Repeat exactly the lines below from the line that contains "Airmax in Chhatral" to the last line, inclusive, without the pictures.

------ Recorded information

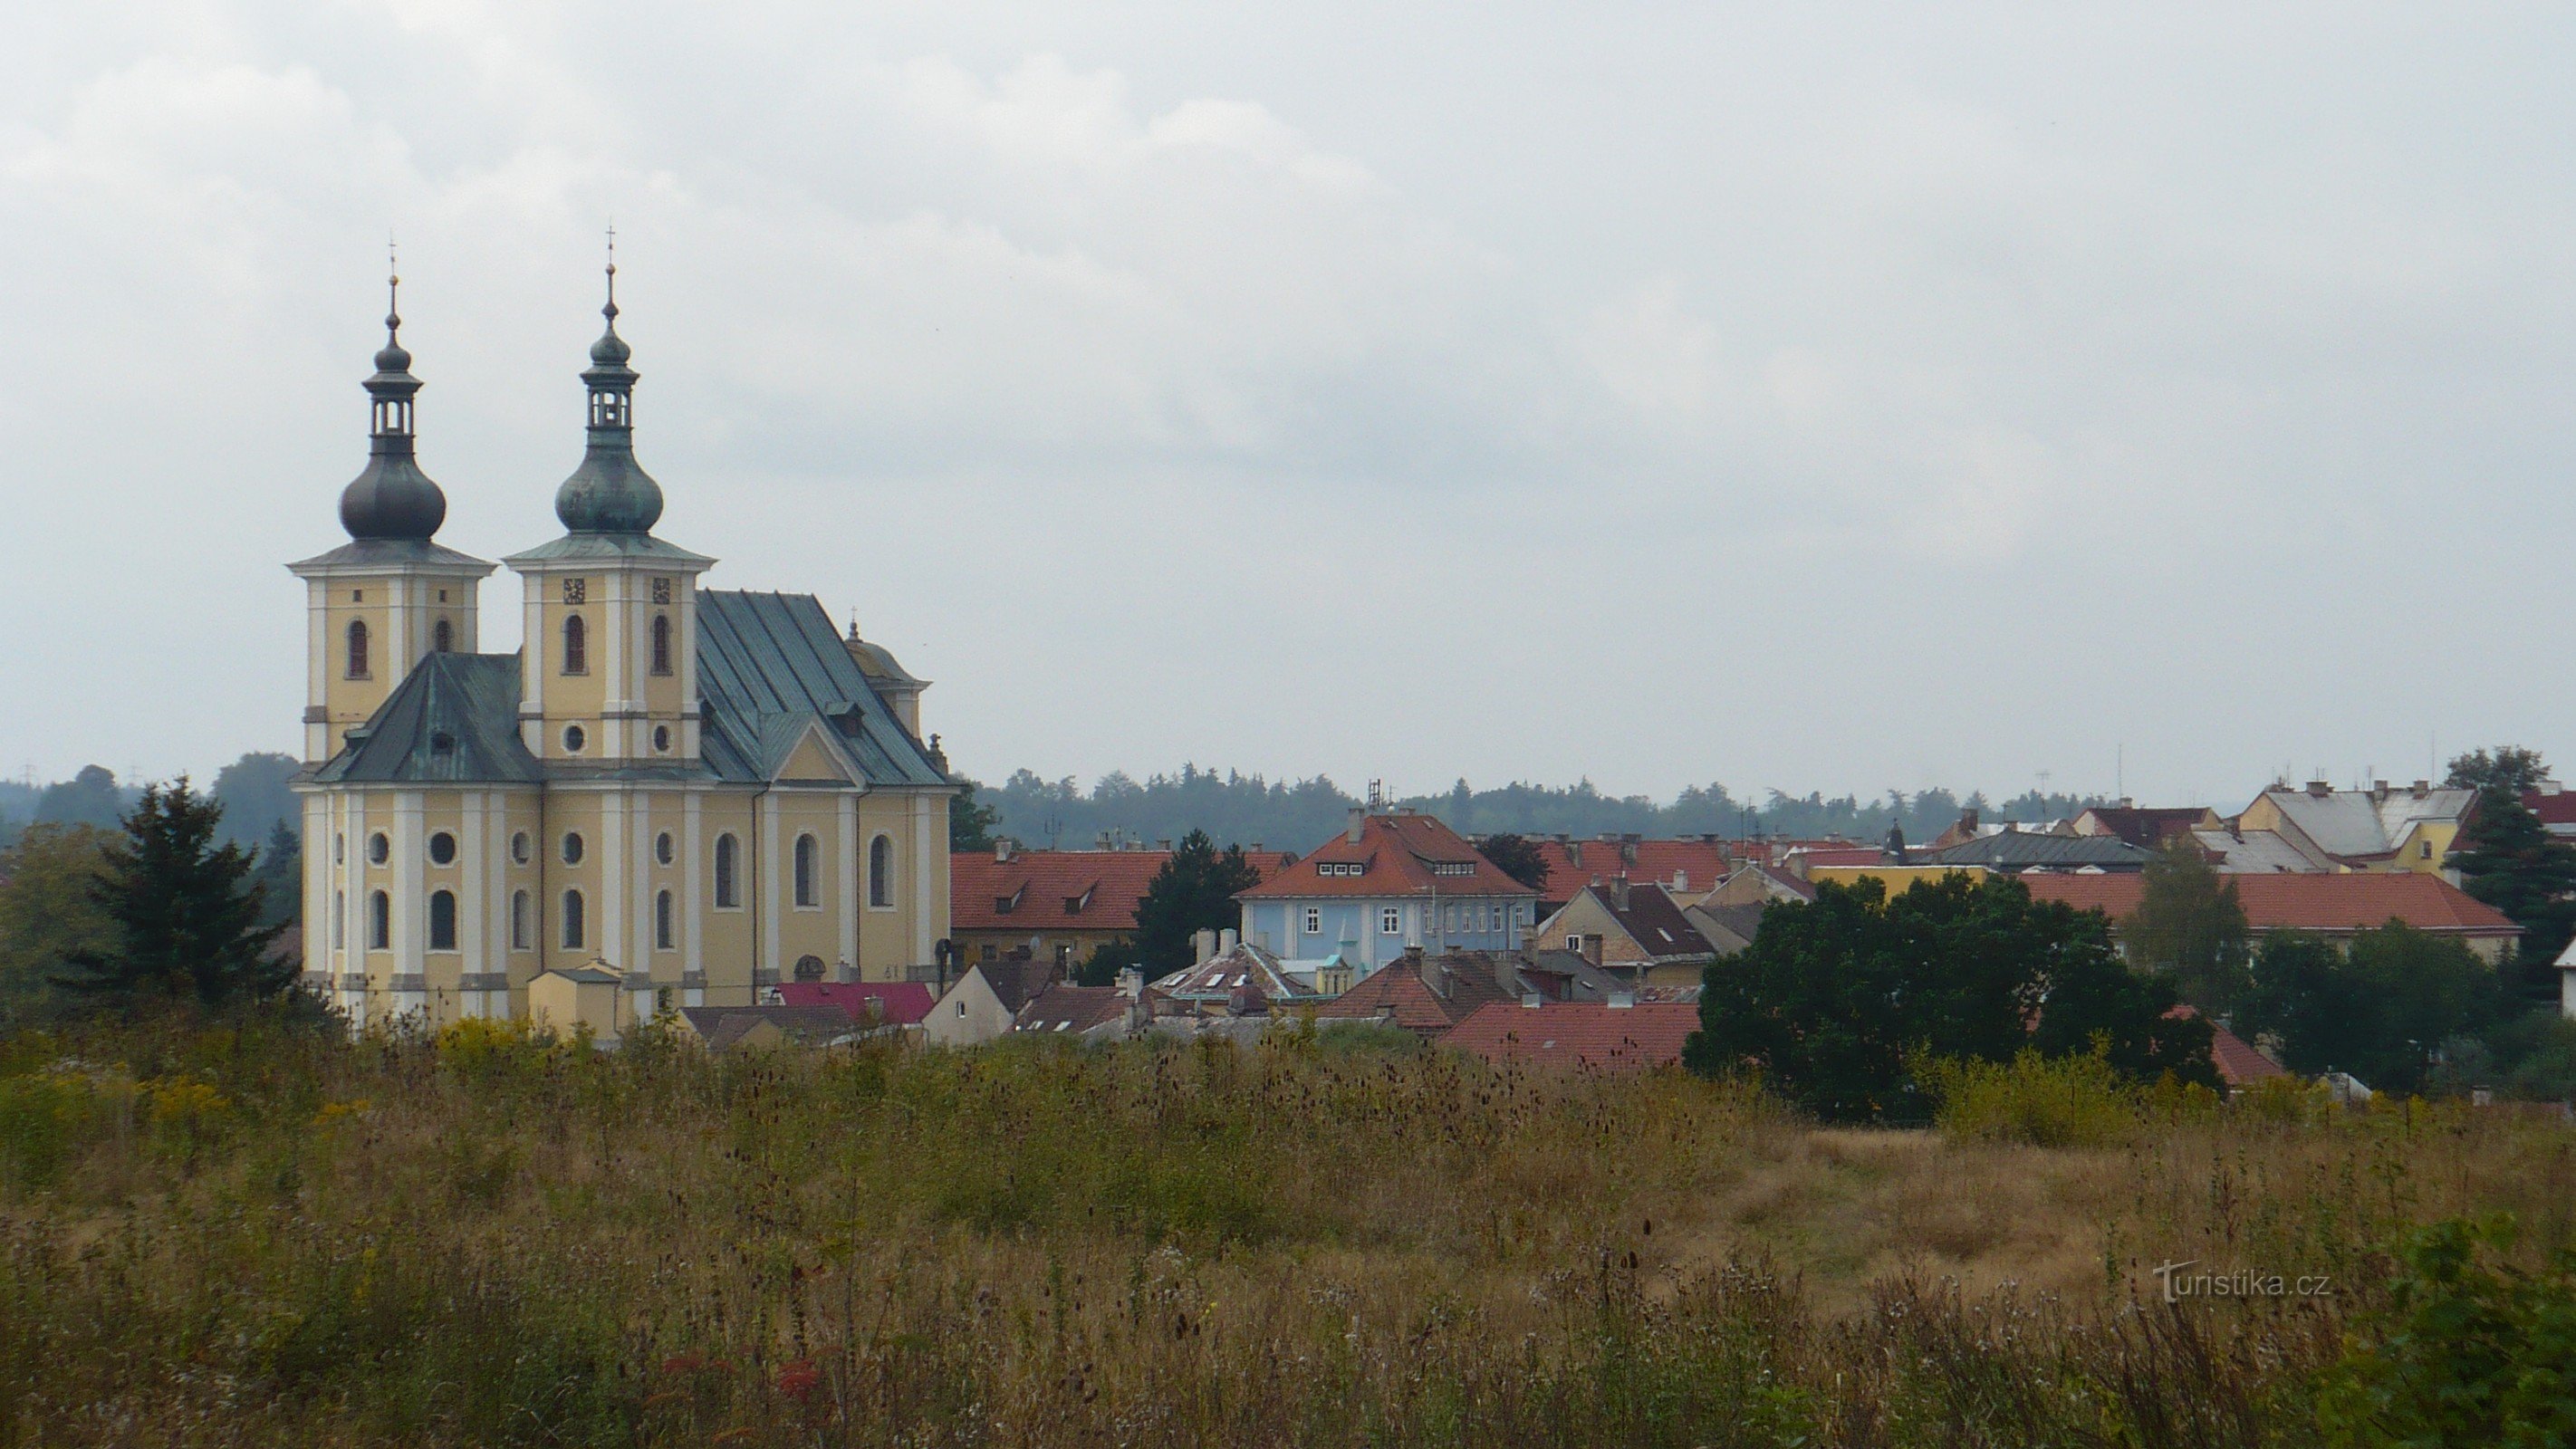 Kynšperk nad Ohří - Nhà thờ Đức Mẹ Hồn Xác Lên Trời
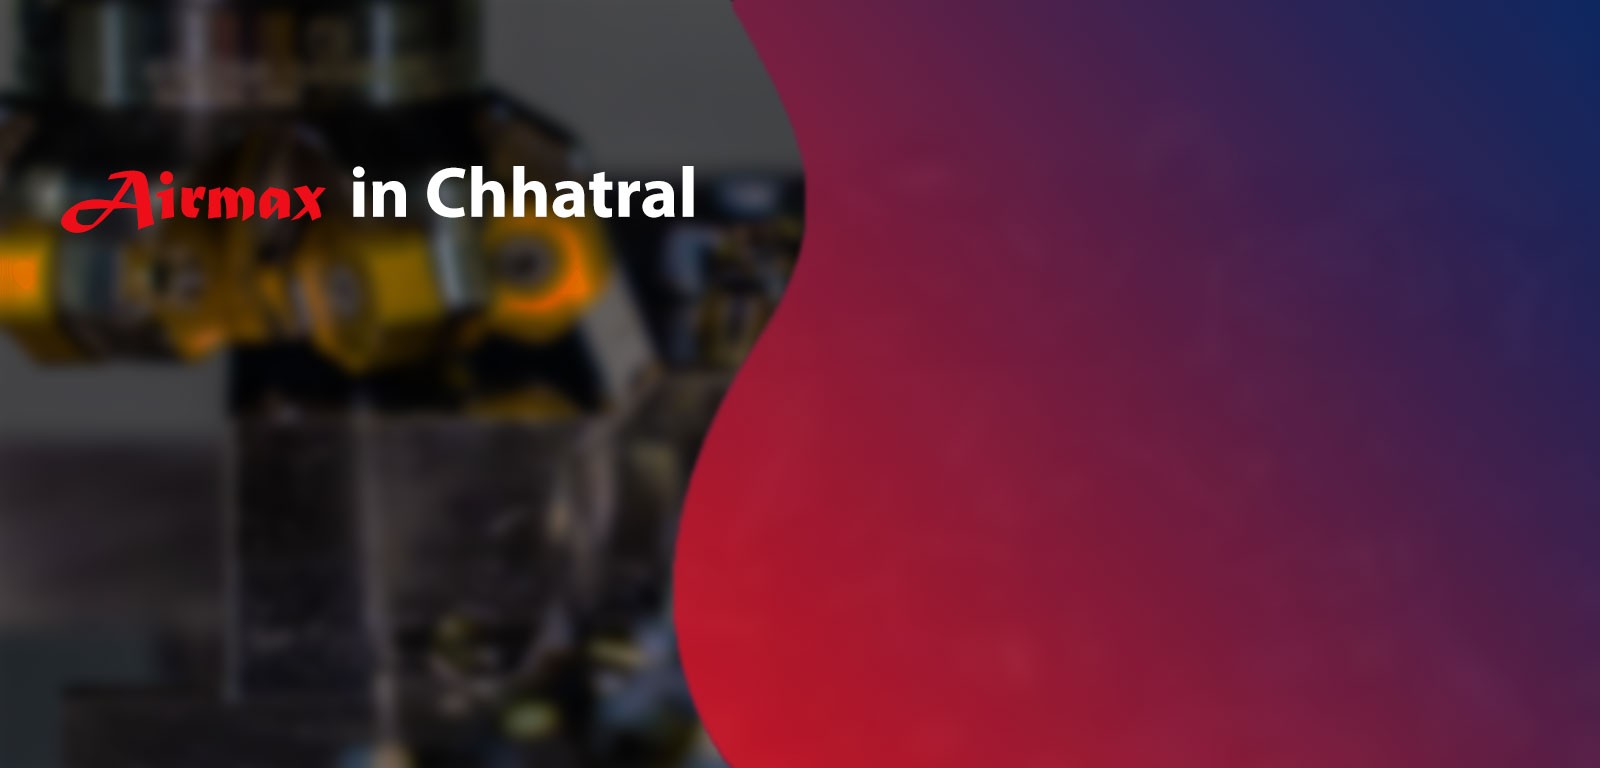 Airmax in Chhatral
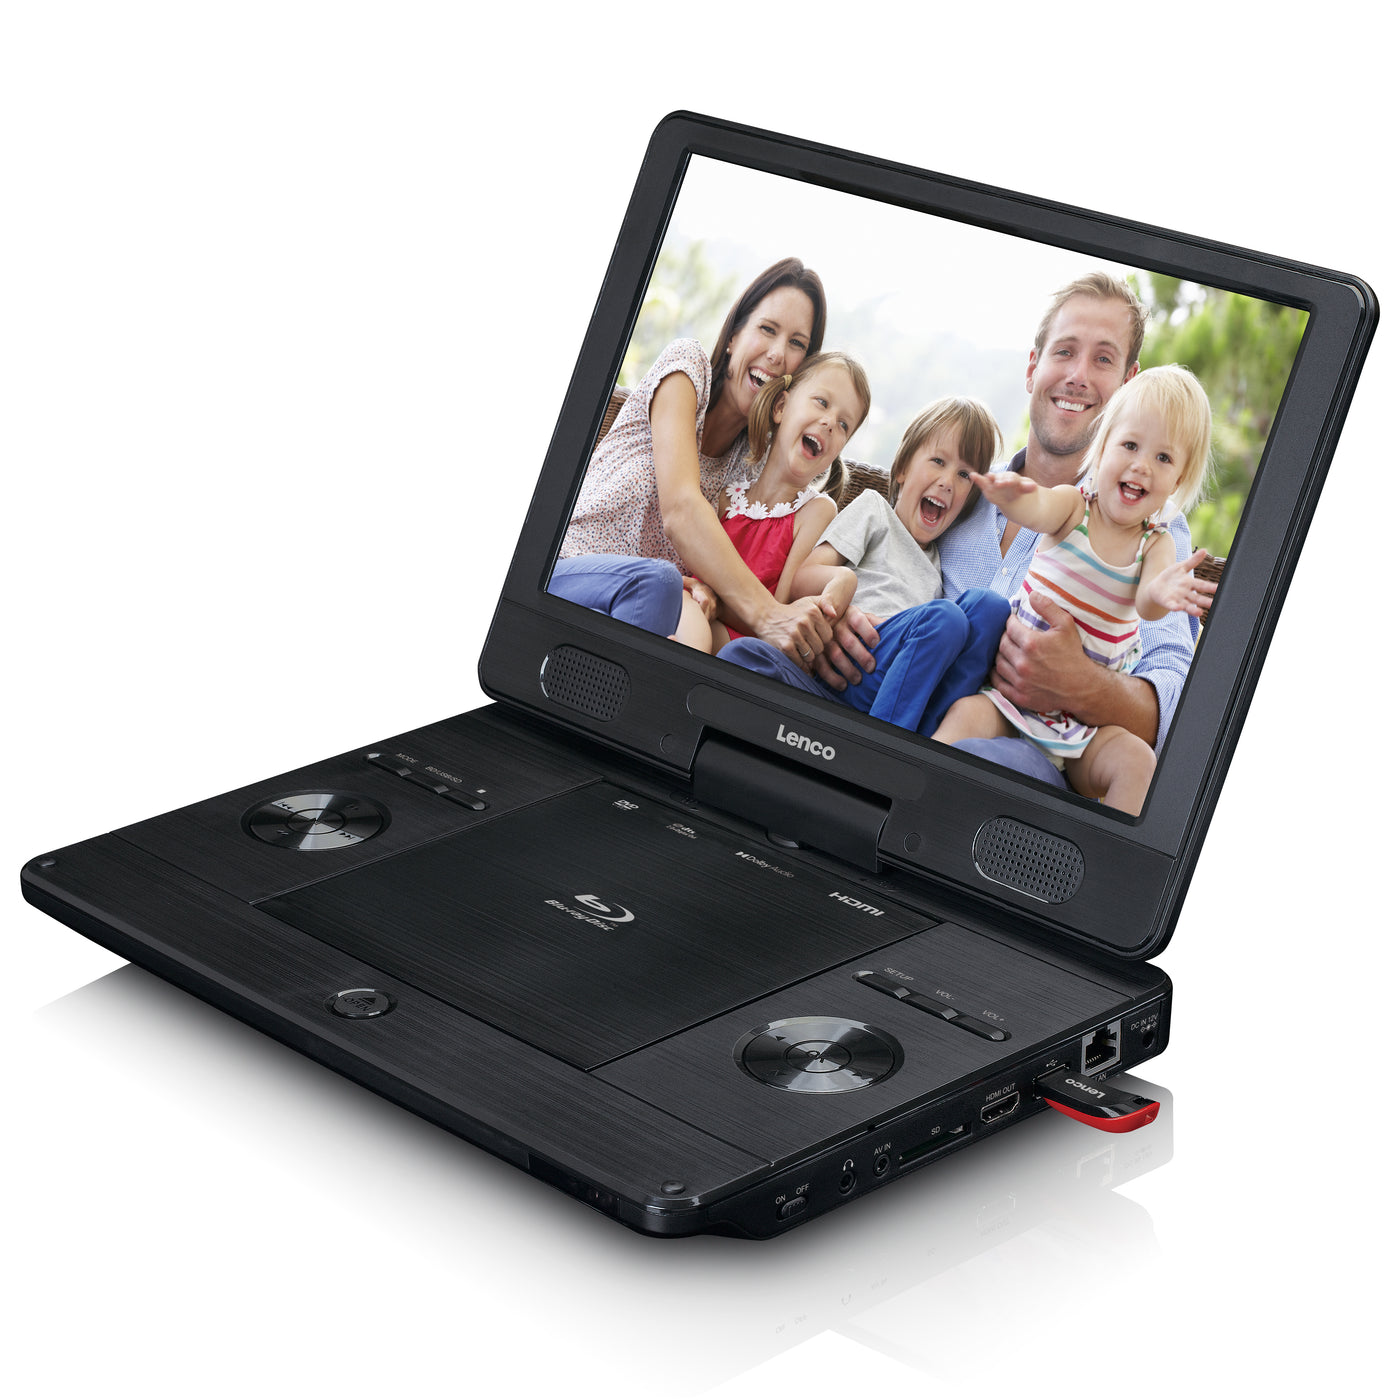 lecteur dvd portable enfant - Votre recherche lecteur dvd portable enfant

------------

Result below:
 Airmax in Chhatral
 lecteur dvd portable enfant - Votre recherche lecteur dvd portable enfant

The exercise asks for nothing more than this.